2. Results and Discussion
2.1. Protocell Transition via Interfacial DCC
Figure 1 illustrates the construction of transitional protocells toward distinct compartments including emulsion droplets (Figure 1a), nanocapsules (Figure 1b), and coacervate microdroplets (Figure 1c) using poly(allylamine hydrochloride) (PAH) and 4‐decyloxybenzaldehyde (DOBA). Central to our approach is the dynamic bonding between the amine groups on PAH and the aldehyde group on DOBA through the Schiff reaction (Figure 1d).
Figure 1.

Directing protocell transition via modulating aldehyde‐amine dynamic covalent bonds. a–c) Structural transition of representative protocells including emulsion droplets, nanocapsules, and coacervate microdroplets. d) Reaction between an anionic polyelectrolyte (PAH) and a hydrophobic compound (DOBA) gave rise to a supra‐amphiphile (PAH‐DOBA) via DCC. e) The structural transition from biphasic oil/water system (Phase I) to emulsion via mechanical homogenization (Phase II), to capsules via solvent evaporation (Phase III), and to coacervate microdroplets after the addition of ATP under acid condition (Phase IV).

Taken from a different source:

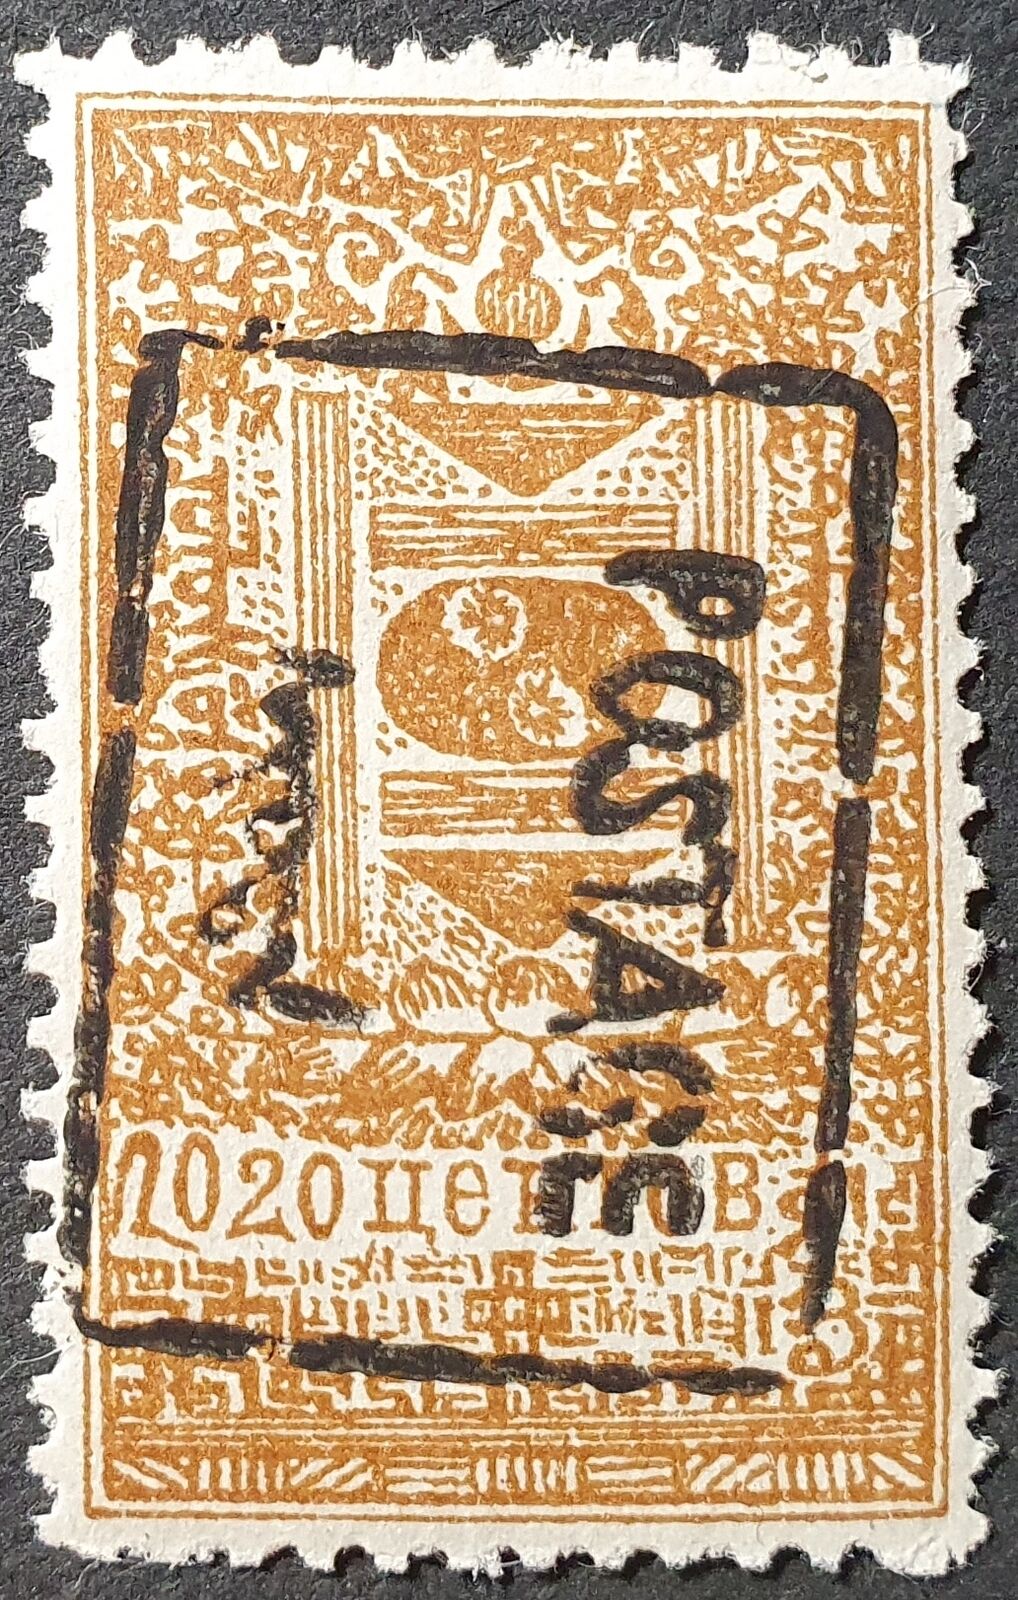 Mongolia 1926 Revenue 20C overprinted 'Postage' in black, Louzhnikov type MH
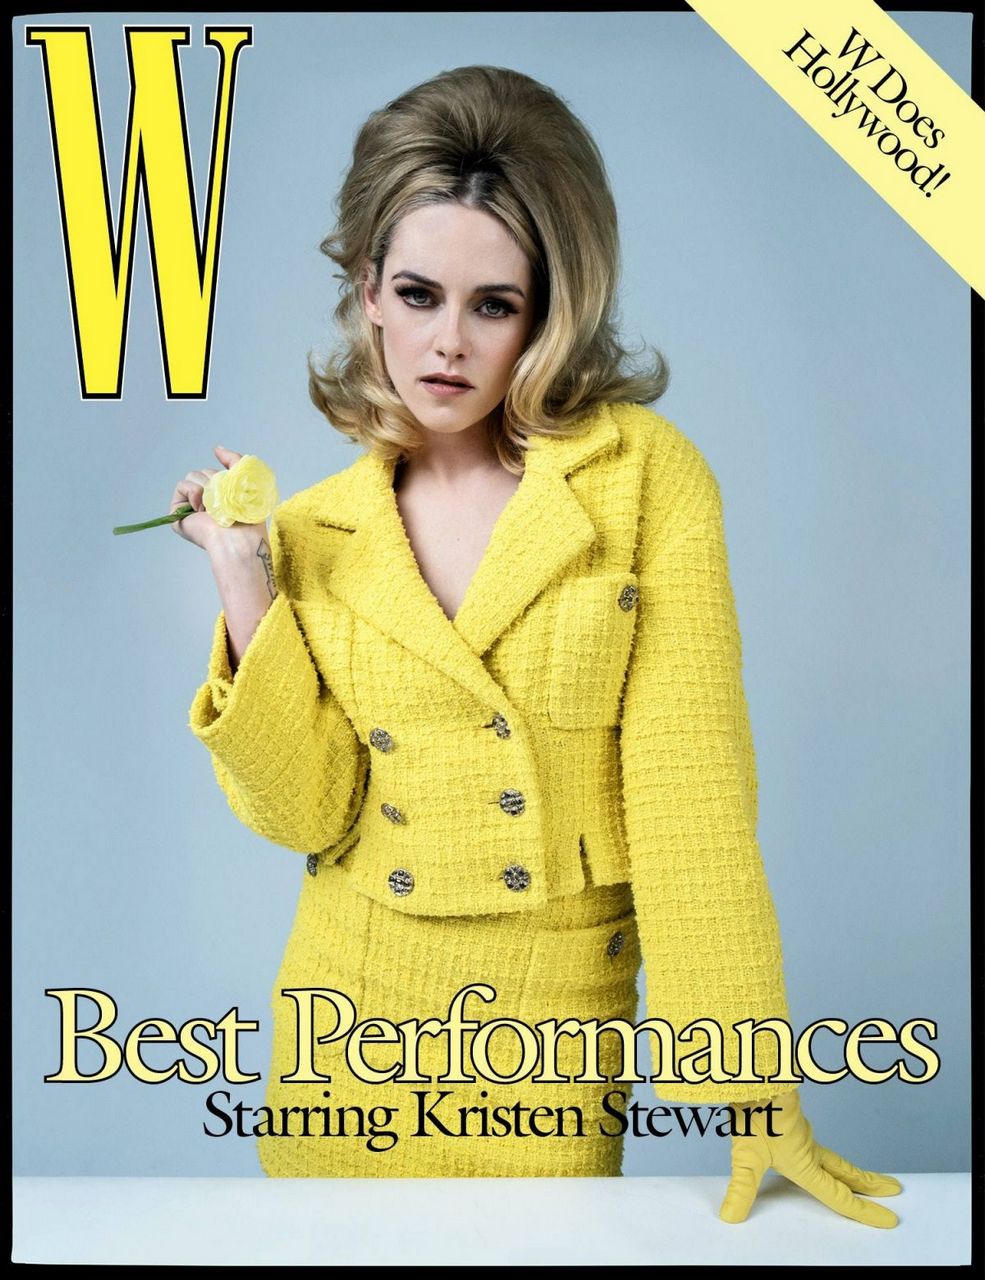 Kristen Stewart For W Magazine Best Performances Issue January

Initially, PAH (10 mm) was dissolved in an aqueous solution while DOBA (10 mm) was dissolved in hexane (water/hexane, volume ratio of 4:1). Upon intense mechanical homogenization, the biphasic system (Phase I) transformed into an oil‐in‐water (o/w) emulsion (Phase II), which was stabilized by a brush‐like supra‐amphiphilic polymer bonded by dynamic imine bonds (PAH‐DOBA, as confirmed by NMR in Figure S1, Supporting Information). To verify the universality of this method, a fatty aldehyde (i.e., decanal) was used to form dynamic covalent bonds with PAH, and generated a brush‐like polymer PAH‐IMC9 (Figure S2, Supporting Information). In Phase III, we evaporated the organic solvent (i.e., hexane) in the amphiphilic polymer‐stabilized emulsion and obtained capsules in aqueous solution, in which the hydrophilic groups were exposed to the outer aqueous phase and the hydrophobic side chains were embedded to minimize the surface Gibbs energy. The imine bond is known to be sensitive to the acidic/basic condition, as such the nanocapsules were found to be thermodynamically stable under basic conditions (pH ≥ 7.4). As the pH lowered below 6.0, the breakage of imine bonds caused the regeneration of PAH and DOBA, as well as the disassembly of polymeric nanocapsules. At this stage, the addition of the negatively charged adenosine 5′‐triphosphate (ATP) can electrostatically complex with the polyelectrolyte PAH to generate membraneless coacervate microdroplets through liquid–liquid phase separation (Phase IV). In this way, we demonstrated the formation of synthetic compartments as protocell models that can transform in the presence of multiple stimuli (e.g., mechanical force, solvent evaporation, and acid/base equilibrium).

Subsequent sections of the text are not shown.